Home > Reviews > AFTERWARDS (ET APRÈS) – Alexandre Desplat

AFTERWARDS (ET APRÈS) – Alexandre Desplat

January 16, 2009 Leave a comment Go to comments

Original Review by Jonathan Broxton

Afterwards is a metaphysical romantic drama directed by Gilles Bourdos and starring Romain Duris as Nathan, a brilliant New York lawyer whose personal life has become a mess since his divorce from Claire (Evangeline Lilly), his only love. However, when everything changes when Nathan meets Kay (John Malkovich), a mysterious doctor who introduces himself as a “Messenger” and tells Nathan that he is able to sense when certain people are about to die.

This mysterious, moody film has a score by Alexandre Desplat, returning to work with director Bourdos for the first time since the pair collaborated on the score for Inquiétudes in 2003. As with all of Desplat’s work, the music for Afterwards is classically beautiful and effortlessly elegant, anchored by a gorgeous theme for piano, strings and harp first heard in the opening cue, “The Wonder of Life”, and the finale, “Lost”. Unlike many Desplat scores, however, Afterwards is tinged with an almost subliminal sense of quiet melancholy; the music is lovely, but it’s certainly not intended to make you feel especially happy.

Cues like “River Flows”, the exquisite “Dandelions”, and the beautiful “White Sands” have a hypnotic, calming effect; subdued, but not sullen, making use of almost minimalistic repeated chords and tones, and soft performances by guitars, harps, solo cello, solo piano, and muted string sustains. Once or twice the music picks up pace and offers a little bit of urgency and boldness. The Birth-like synth pulses in “N.D.E.” and “The Messenger”, and the increased brass element and percussive beats of cues such as “Vision”, “Last Exit to Albuquerque”, “Kind of Red” and “Tell Me When” are welcome variations, adding life to what could otherwise have become a slightly stale score.

There is also a distinct jazziness to certain cues, especially in the way muted trumpets and subtle brushed snares are incorporated into cues such as the impressionistic “Crossroad”. Desplat’s use of brass in these cues is, at times, almost Don Davis-like, with chromatic layering effects and stark piano chords giving the music a stressful, somewhat threatening aura.
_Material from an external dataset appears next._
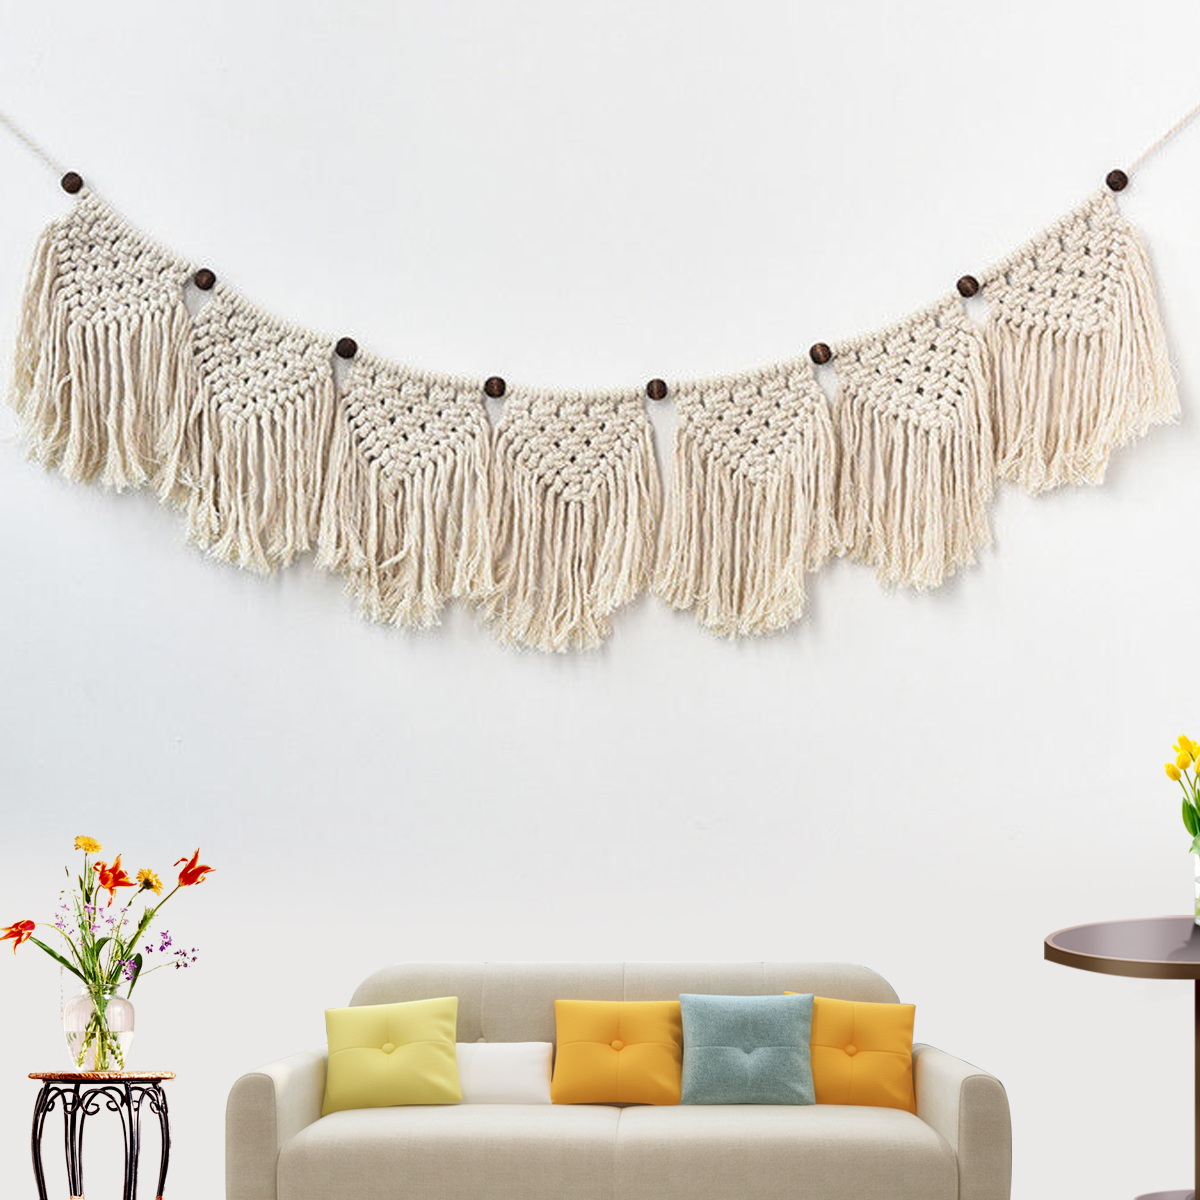 Home Decor Living Room Wall Art Decor Gift for Crafter Bohemian Macrame DIY Art and Craft Kit with Macrame Cord Wall Hanging Supplies DIY Craft Set for Bedroom Wall Hanging Decoration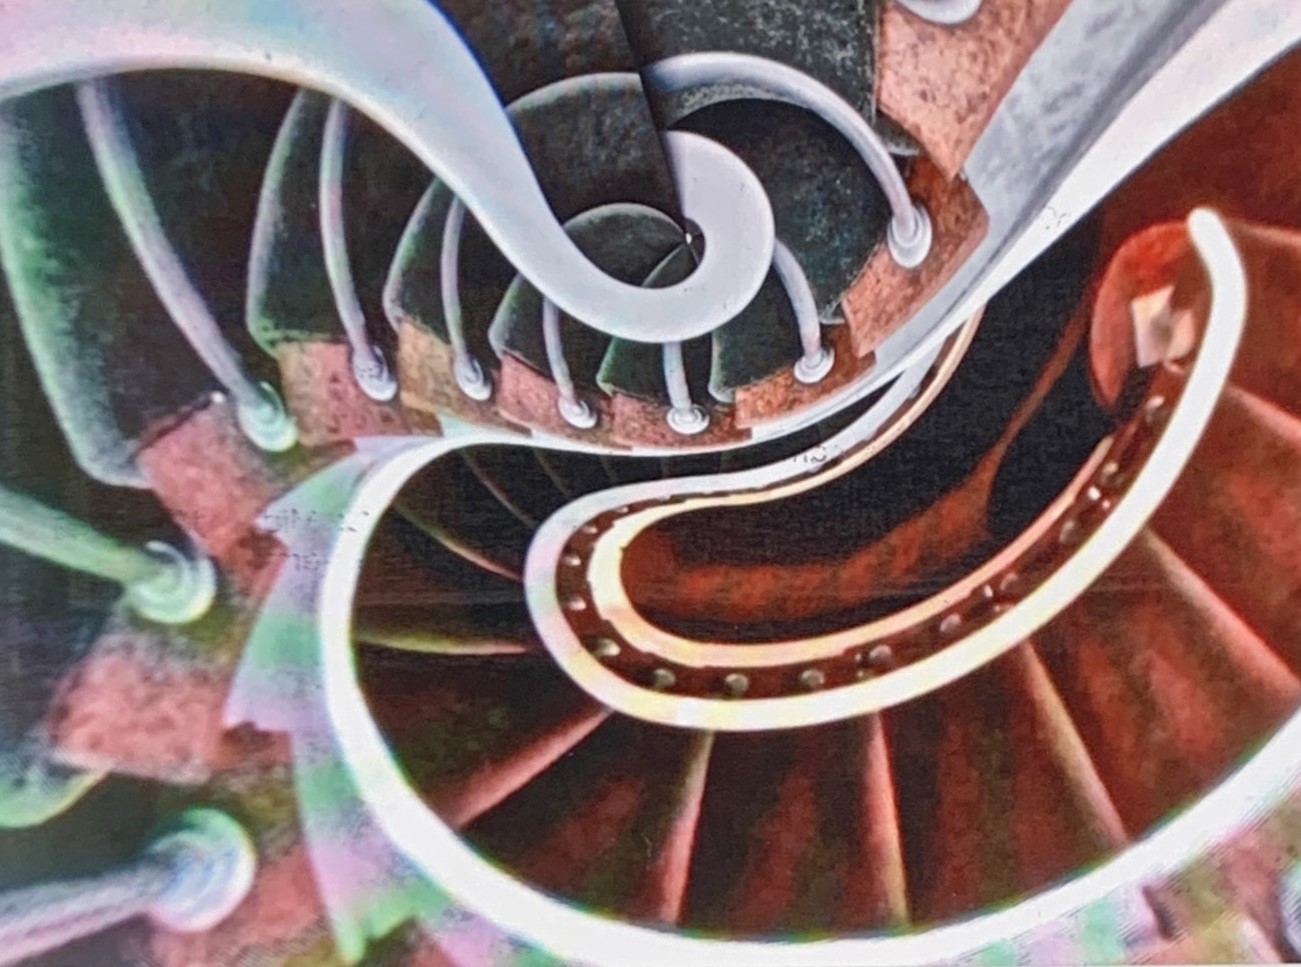 "Twisted Spiral" by David Morrison

For the most part, Afterwards is a score not given to bold thematic statements or overt sentiment, although towards the end of the album it does become much more dark and propulsive. Nevertheless, it does leave a positive impression with its dream-like textures and delicate orchestrations, and is well worth seeking out for those who think that Desplat is only capable of writing pretty little waltzes. Not a crowd pleaser, but one which can easily be appreciated for its intelligent construct and its adherence to the dramatic turns of the narrative.

Rating: ***½

Track Listing:

  • The Wonder of Life (2:55)
  • Crossroad (4:56)
  • River Flows (2:58)
  • N.D.E. (4:23)
  • Vision (2:03)
  • Dandelions (2:14)
  • Alexander C. (1:23)
  • New Mexico (3:17)
  • Last Exit to Albuquerque (2:13)
  • White Sands (1:17)
  • Kind of Red (5:14)
  • The Messenger (4:48)
  • Tell Me When (2:07)
  • Here & Now (1:18)
  • The Night Blooming Cereus (2:58)
  • Angel Reflections (3:10)
  • The Swan’s Song (2:20)
  • Lost (2:53)

Running Time: 52 minutes 54 seconds

Naïve France K1653 (2009)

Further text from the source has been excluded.